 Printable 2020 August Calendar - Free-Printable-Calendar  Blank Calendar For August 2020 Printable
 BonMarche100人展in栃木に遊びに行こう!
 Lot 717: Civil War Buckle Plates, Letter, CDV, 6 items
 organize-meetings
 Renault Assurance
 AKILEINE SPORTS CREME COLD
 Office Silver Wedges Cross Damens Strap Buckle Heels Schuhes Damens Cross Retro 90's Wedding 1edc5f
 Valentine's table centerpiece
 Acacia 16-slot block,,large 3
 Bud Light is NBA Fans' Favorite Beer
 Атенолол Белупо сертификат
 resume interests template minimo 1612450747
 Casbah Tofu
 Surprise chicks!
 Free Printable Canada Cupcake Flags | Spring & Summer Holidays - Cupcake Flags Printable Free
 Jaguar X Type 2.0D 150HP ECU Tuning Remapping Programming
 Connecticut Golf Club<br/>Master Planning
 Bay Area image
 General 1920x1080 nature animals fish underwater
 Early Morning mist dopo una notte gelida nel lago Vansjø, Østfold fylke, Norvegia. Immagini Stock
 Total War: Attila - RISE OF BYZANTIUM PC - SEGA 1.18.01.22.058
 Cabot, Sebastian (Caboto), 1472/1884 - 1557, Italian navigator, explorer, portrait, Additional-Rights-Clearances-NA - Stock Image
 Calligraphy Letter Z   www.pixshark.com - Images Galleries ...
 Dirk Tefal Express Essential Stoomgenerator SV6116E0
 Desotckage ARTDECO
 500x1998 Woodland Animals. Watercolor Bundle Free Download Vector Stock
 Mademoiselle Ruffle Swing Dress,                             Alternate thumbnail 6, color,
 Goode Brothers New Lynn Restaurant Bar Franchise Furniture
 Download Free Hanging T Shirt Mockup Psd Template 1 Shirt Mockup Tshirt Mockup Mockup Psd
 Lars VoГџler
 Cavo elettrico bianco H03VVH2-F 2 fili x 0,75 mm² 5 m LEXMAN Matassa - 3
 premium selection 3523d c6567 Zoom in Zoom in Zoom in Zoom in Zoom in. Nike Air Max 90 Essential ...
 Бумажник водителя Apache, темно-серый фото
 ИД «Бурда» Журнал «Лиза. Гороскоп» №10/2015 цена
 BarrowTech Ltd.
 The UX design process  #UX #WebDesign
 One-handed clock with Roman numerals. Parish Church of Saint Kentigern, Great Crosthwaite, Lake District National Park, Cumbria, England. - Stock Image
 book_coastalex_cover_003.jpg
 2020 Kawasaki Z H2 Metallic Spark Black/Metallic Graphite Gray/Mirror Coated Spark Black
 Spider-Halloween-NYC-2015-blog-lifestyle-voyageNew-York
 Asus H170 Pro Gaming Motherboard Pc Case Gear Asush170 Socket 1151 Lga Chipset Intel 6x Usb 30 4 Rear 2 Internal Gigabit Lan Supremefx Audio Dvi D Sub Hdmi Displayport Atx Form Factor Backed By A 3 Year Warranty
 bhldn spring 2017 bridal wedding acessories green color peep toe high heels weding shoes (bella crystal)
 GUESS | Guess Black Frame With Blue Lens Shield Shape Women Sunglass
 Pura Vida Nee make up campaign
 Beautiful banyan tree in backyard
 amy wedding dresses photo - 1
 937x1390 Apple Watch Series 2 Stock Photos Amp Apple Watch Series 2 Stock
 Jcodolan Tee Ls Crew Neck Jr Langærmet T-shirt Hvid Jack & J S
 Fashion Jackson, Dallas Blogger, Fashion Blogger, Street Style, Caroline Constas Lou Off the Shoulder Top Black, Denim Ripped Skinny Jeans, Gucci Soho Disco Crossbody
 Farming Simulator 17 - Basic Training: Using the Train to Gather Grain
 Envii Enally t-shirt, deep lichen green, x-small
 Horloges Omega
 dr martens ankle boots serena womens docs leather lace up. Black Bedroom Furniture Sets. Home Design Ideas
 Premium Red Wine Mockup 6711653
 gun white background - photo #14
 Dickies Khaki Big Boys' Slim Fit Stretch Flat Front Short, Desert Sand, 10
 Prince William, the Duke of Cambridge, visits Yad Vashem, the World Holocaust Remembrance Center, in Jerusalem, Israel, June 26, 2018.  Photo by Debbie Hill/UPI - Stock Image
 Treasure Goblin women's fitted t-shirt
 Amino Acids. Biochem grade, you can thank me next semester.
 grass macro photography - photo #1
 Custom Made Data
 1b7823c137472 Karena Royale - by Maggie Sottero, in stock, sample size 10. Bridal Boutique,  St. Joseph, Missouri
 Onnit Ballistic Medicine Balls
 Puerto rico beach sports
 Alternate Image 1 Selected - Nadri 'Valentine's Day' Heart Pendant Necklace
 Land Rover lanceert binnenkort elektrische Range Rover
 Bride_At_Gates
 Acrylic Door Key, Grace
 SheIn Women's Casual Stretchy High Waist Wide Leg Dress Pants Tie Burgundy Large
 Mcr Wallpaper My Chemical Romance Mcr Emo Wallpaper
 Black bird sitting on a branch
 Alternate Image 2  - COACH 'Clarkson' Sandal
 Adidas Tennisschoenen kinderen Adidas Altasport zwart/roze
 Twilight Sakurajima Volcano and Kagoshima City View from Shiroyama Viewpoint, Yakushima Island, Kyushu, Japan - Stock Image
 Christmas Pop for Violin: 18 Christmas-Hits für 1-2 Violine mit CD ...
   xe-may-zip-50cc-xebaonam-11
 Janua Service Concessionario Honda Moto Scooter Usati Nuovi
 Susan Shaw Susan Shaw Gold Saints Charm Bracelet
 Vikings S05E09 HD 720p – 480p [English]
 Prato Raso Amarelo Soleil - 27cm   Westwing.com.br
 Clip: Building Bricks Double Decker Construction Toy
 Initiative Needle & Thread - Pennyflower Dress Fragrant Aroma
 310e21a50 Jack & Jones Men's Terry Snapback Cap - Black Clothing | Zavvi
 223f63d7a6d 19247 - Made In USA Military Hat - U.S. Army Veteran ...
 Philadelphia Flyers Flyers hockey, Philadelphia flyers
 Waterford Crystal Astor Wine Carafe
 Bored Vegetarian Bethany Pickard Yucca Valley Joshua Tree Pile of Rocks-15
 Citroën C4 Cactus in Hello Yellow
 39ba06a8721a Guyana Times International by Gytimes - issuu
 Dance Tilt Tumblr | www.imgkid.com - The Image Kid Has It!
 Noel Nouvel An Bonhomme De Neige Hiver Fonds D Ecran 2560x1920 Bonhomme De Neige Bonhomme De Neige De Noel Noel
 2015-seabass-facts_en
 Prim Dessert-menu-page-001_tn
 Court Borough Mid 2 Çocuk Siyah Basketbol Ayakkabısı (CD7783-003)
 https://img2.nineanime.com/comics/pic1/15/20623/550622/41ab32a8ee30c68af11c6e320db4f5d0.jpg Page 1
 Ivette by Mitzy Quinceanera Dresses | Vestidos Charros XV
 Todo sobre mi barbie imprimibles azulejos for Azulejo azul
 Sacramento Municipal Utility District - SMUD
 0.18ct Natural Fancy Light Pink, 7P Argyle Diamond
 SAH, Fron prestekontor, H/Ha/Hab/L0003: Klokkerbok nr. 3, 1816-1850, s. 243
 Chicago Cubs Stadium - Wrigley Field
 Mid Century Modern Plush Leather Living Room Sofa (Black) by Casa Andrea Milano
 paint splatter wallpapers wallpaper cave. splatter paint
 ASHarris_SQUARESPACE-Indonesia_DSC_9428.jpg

══════════

◆ The task
After locating the line with "Premium Red Wine Mockup 6711653" in the material above, return it and each line after it exactly, ending at the line with "Clip: Building Bricks".

◆ Result of this exercise
 Premium Red Wine Mockup 6711653
 gun white background - photo #14
 Dickies Khaki Big Boys' Slim Fit Stretch Flat Front Short, Desert Sand, 10
 Prince William, the Duke of Cambridge, visits Yad Vashem, the World Holocaust Remembrance Center, in Jerusalem, Israel, June 26, 2018.  Photo by Debbie Hill/UPI - Stock Image
 Treasure Goblin women's fitted t-shirt
 Amino Acids. Biochem grade, you can thank me next semester.
 grass macro photography - photo #1
 Custom Made Data
 1b7823c137472 Karena Royale - by Maggie Sottero, in stock, sample size 10. Bridal Boutique,  St. Joseph, Missouri
 Onnit Ballistic Medicine Balls
 Puerto rico beach sports
 Alternate Image 1 Selected - Nadri 'Valentine's Day' Heart Pendant Necklace
 Land Rover lanceert binnenkort elektrische Range Rover
 Bride_At_Gates
 Acrylic Door Key, Grace
 SheIn Women's Casual Stretchy High Waist Wide Leg Dress Pants Tie Burgundy Large
 Mcr Wallpaper My Chemical Romance Mcr Emo Wallpaper
 Black bird sitting on a branch
 Alternate Image 2  - COACH 'Clarkson' Sandal
 Adidas Tennisschoenen kinderen Adidas Altasport zwart/roze
 Twilight Sakurajima Volcano and Kagoshima City View from Shiroyama Viewpoint, Yakushima Island, Kyushu, Japan - Stock Image
 Christmas Pop for Violin: 18 Christmas-Hits für 1-2 Violine mit CD ...
   xe-may-zip-50cc-xebaonam-11
 Janua Service Concessionario Honda Moto Scooter Usati Nuovi
 Susan Shaw Susan Shaw Gold Saints Charm Bracelet
 Vikings S05E09 HD 720p – 480p [English]
 Prato Raso Amarelo Soleil - 27cm   Westwing.com.br
 Clip: Building Bricks Double Decker Construction Toy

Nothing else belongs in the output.